YOLO Object Detection with keras-yolo3

Gilbert Tanner - 01 Jun 2020

Object detection is the craft of detecting instances of a particular class, like animals, humans, and many more, in an image or video.

In this article, I will go over how to use a yolo3 object detection model and how to create your own using keras-yolo3, a Keras implementation of YOLOv3.

What is Yolo?

YOLO is one of the primary three types of object detectors you'll encounter:

R-CNN
SSD (Single Shot Detectors)
YOLO (You only look once).

YOLO works differently than most other object detection architectures. Most methods apply the model to an image at multiple locations and scales. High scoring regions of the image are considered detections. Yolo, on the other hand, applies a single neural network to the full image. The network divides the image into regions and predicts bounding boxes and probabilities for each region.

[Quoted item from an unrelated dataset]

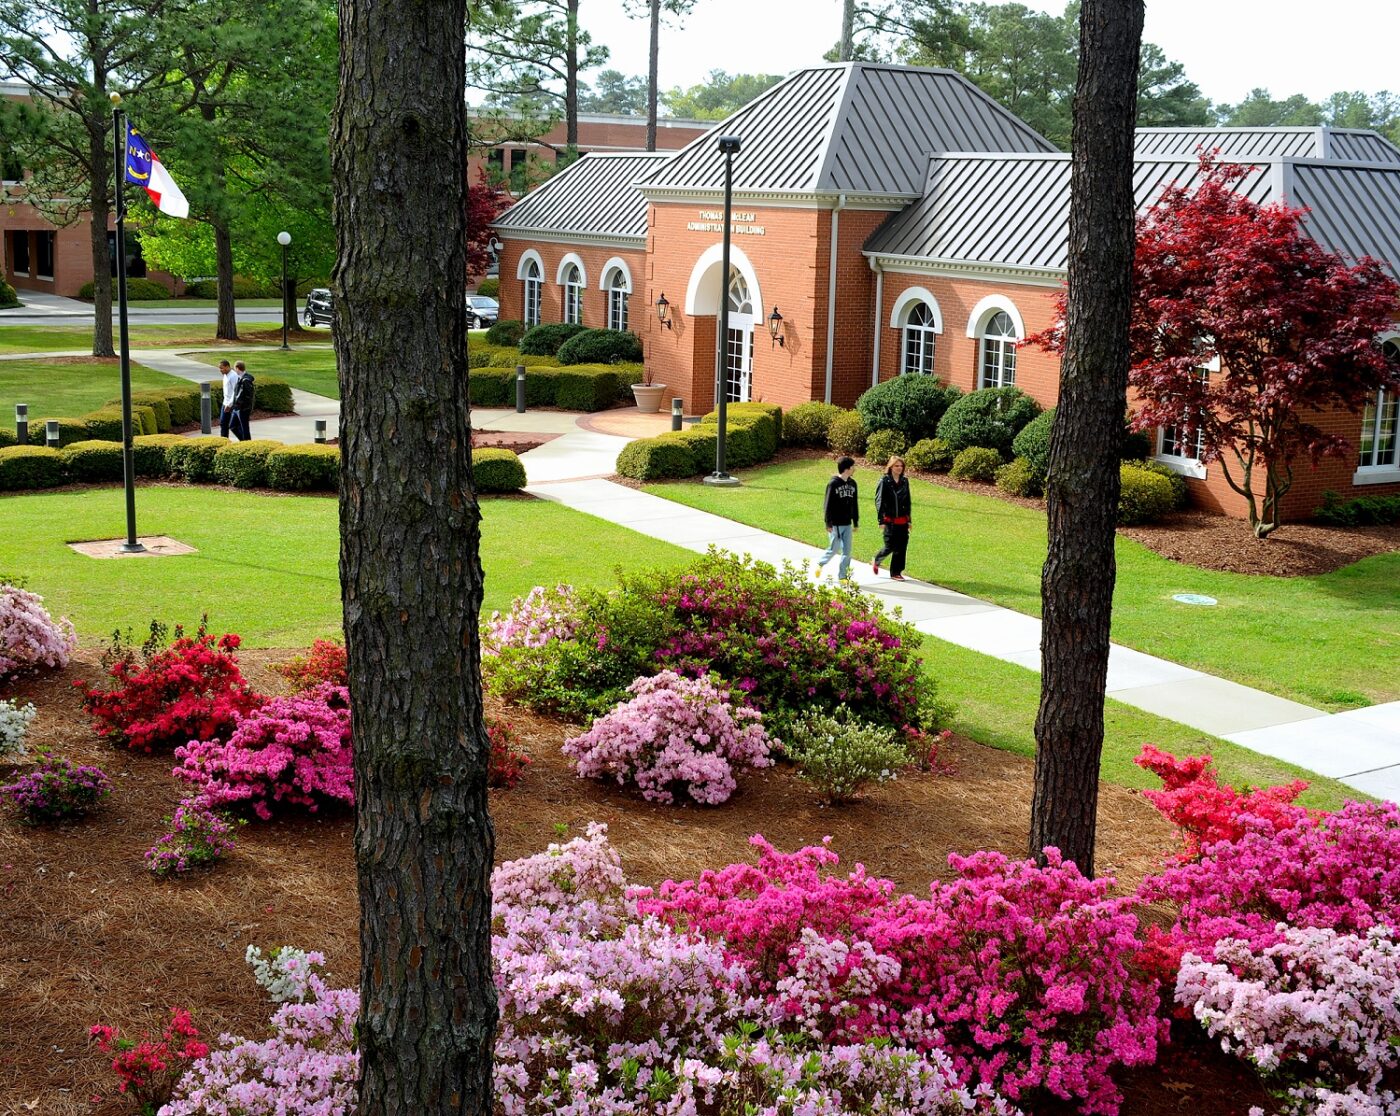 Wide photo showing azaleas and pine tree trunks in the foreground and the administration building in the background

These bounding boxes are weighted by the predicted probabilities.

Figure 1: Yolo Algorithm

Check out the 'You Only Look Once:Unified, Real-Time Object Detection' for more information.

Installation

To run keras-yolo3, you'll have to install the following packages:

Tensorflow
Keras
Pillow

The library was built for older Keras versions, so you might experience problems using the newest versions.

Tested versions:

Keras 2.1.5
Tensorflow 1.6.0

After you've installed the needed dependencies, you need to clone the repository using the following command:

git clone https://github.com/qqwweee/keras-yolo3.git

Using Docker

If you don't want to install keras-yolo3 locally, I created a Docker image, which will automatically install all the required dependencies and clone the repository.

You can find the Dockerfile and docker-compose.yml in the Docker directory.

Testing installation by running a pre-trained model

You can test your installation by following the below steps:

Download YOLOv3 weights from the YOLO website.
Convert the Darknet YOLO model to a Keras model.
Run YOLO detection.

We'll work through this step-by-step.

You can download the weights for all YOLO models from https://pjreddie.com/. For example, I'll download the weights for the yolo3 model by running the below command:

wget https://pjreddie.com/media/files/yolov3.weights

The model can be converted to a Keras compatible file using the convert.py script.

python convert.py yolov3.cfg yolov3.weights model_data/yolo.h5

Now you should have a file called yolo.h5 in the model_data directory. This model can now be used for inference with the yolo_video.py file. Unfortunately, the yolo_video.py file in the repository contains a bug concerning the parsing of the argument. This was fixed by Github User Xiaokeai18, who opened a pull request fixing the error, which unfortunately wasn't accepted into the repository yet.

You can find the yolo_video.py change with the bug fixes in my Github repository.

Running the yolo_video.py script

Using the yolo_video.py script, you can run the object detection model on images and videos. You can find a list of all the arguments you can parse to yolo_video.py by specifying the --help flag.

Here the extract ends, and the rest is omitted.